MHPAEA and the Triple Aim

According to a recent Health Affairs article, the largest share of health spending in this country is on mental disorders, and as such, more and better mental health/substance use disorder treatment is a must for our country to thrive. Beacon supports increased mental health/substance use disorder treatment, not only because of the societal and clinical imperative, but also from the business side; it allows Beacon to reach new patients who previously had no access to vital services. In this context, Beacon pursues the Institute for Healthcare Improvement’s Triple Aim for healthcare delivery:

  • improving the patient experience of care (including quality and satisfaction);
  • improving the health of populations; and
  • reducing the per capita cost of health care.
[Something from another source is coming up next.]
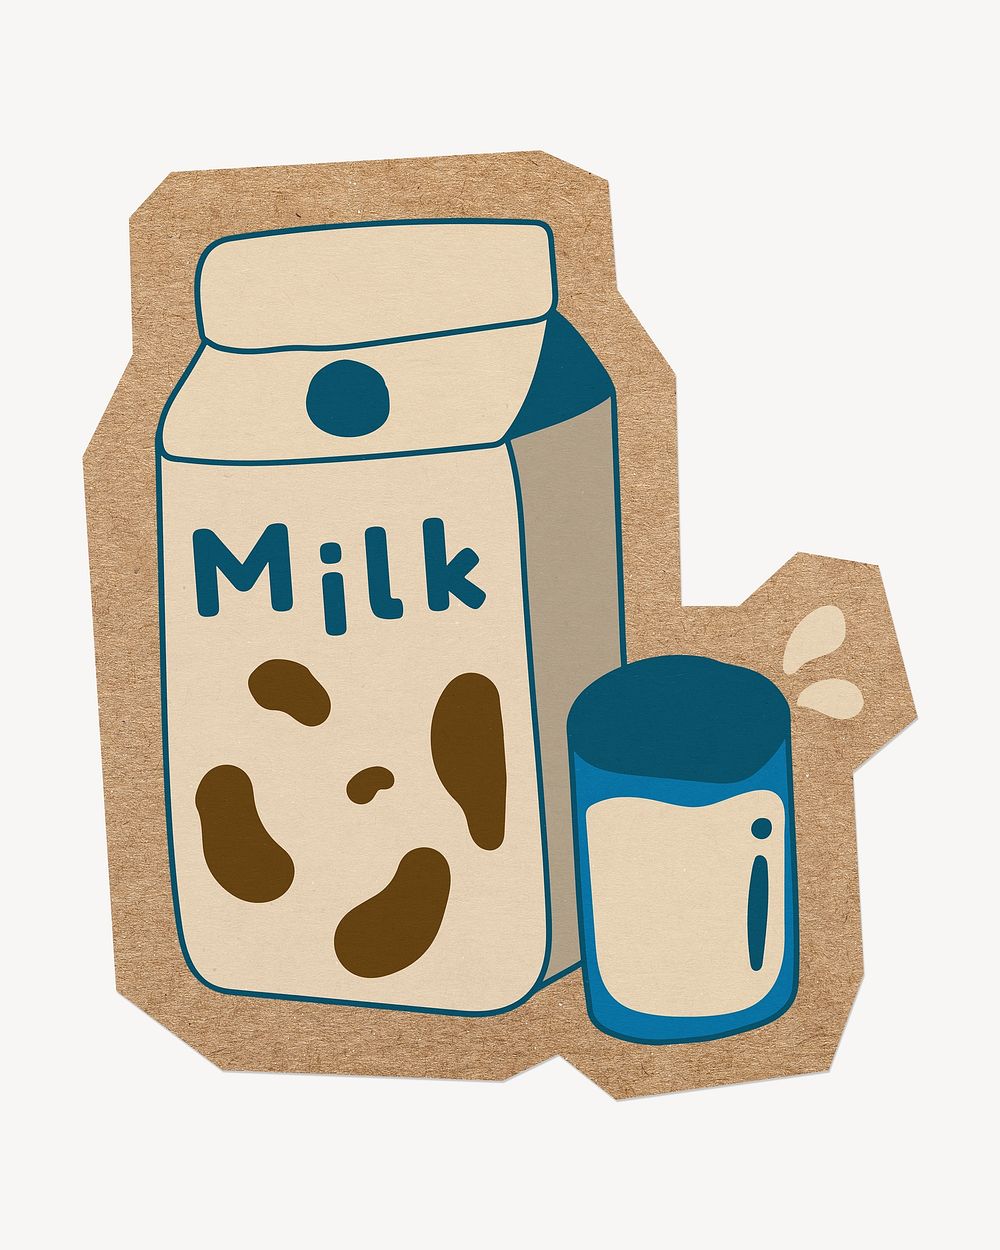 Cute milk carton, cut out paper element
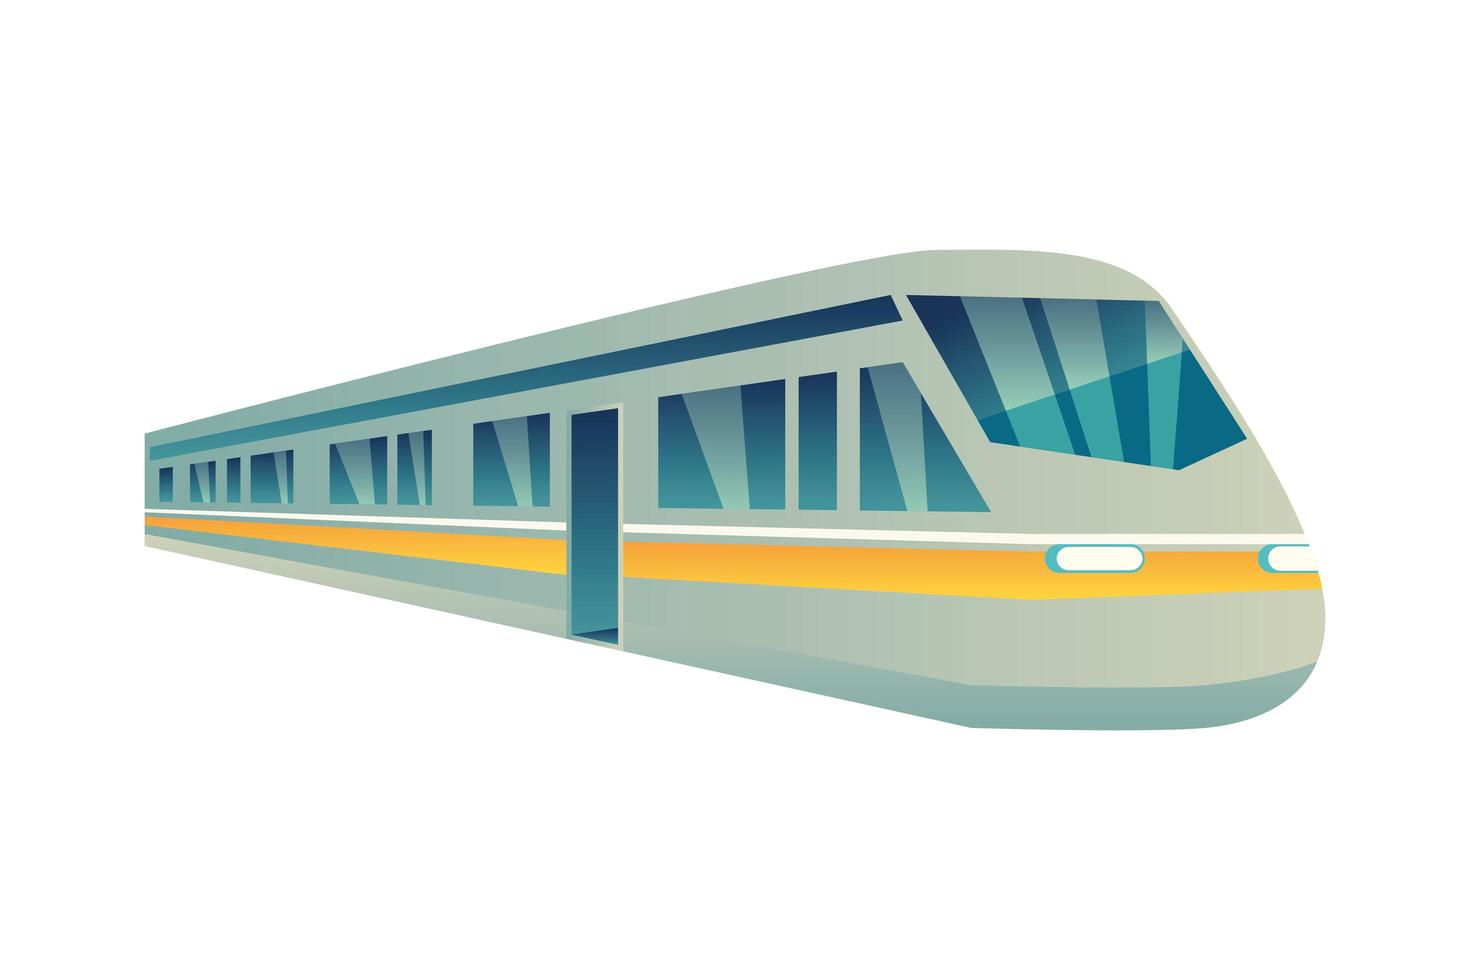 tunnelbanetransporthastighet vektor

There is no doubt that the MHPAEA’s goals of non-discrimination and comparability with medical/ surgical services are correct and laudable to improve all of health care for all people. However, as with any large piece of transformative legislation, much work still remains by regulators, payers, providers and public interest groups to help consumers understand their mental health/substance use disorder benefits and to ensure they receive the right type of individualized care. More specifically from a clinical and common sense perspective, mental health/substance use disorder treatment is not amenable to a cookie-cutter approach when comparing to medical/surgical services and treatment. Some of Beacon’s recommendations to the Task Force include the following points:

  1. Encourage recognition that differences exist between behavioral health and physical health. For example, utilization management occurs for both mental health/substance use and medical/surgical treatments because it is the right clinical approach in reviewing the medical necessity of a course of treatment or service for the patient’s condition. However, utilization management may be approached differently on the mental health/substance use disorder side due to the inherent nature of certain conditions and treatments, as opposed to a discriminatory intent. Beacon works to ensure that the best quality, evidence-based care is provided to consumers, which may look different depending on the illness or treatment. While Beacon agrees that the mind/body treatment is essential, ignoring the differences between diseases of the brain and other illnesses is ill-advised.
  2. With regard to disclosure of information to consumers, a user-friendly analysis of how health plans have achieved parity compliance should be adopted. A comprehensible approach would better serve consumers in their quest to ensure that mental health/substance use disorder (mental health/substance use disorder) practices are not discriminatory.
  3. Federal regulators should help prevent disparate interpretations among MHPAEA state regulatory agencies. The Task Force should impose uniform approaches to MHPAEA interpretation and enforcement.

Overall, Beacon is committed to parity compliance to help ensure individuals achieve healthier and more productive lives and will continue to work with policymakers and other stakeholders to do so. Together, we can.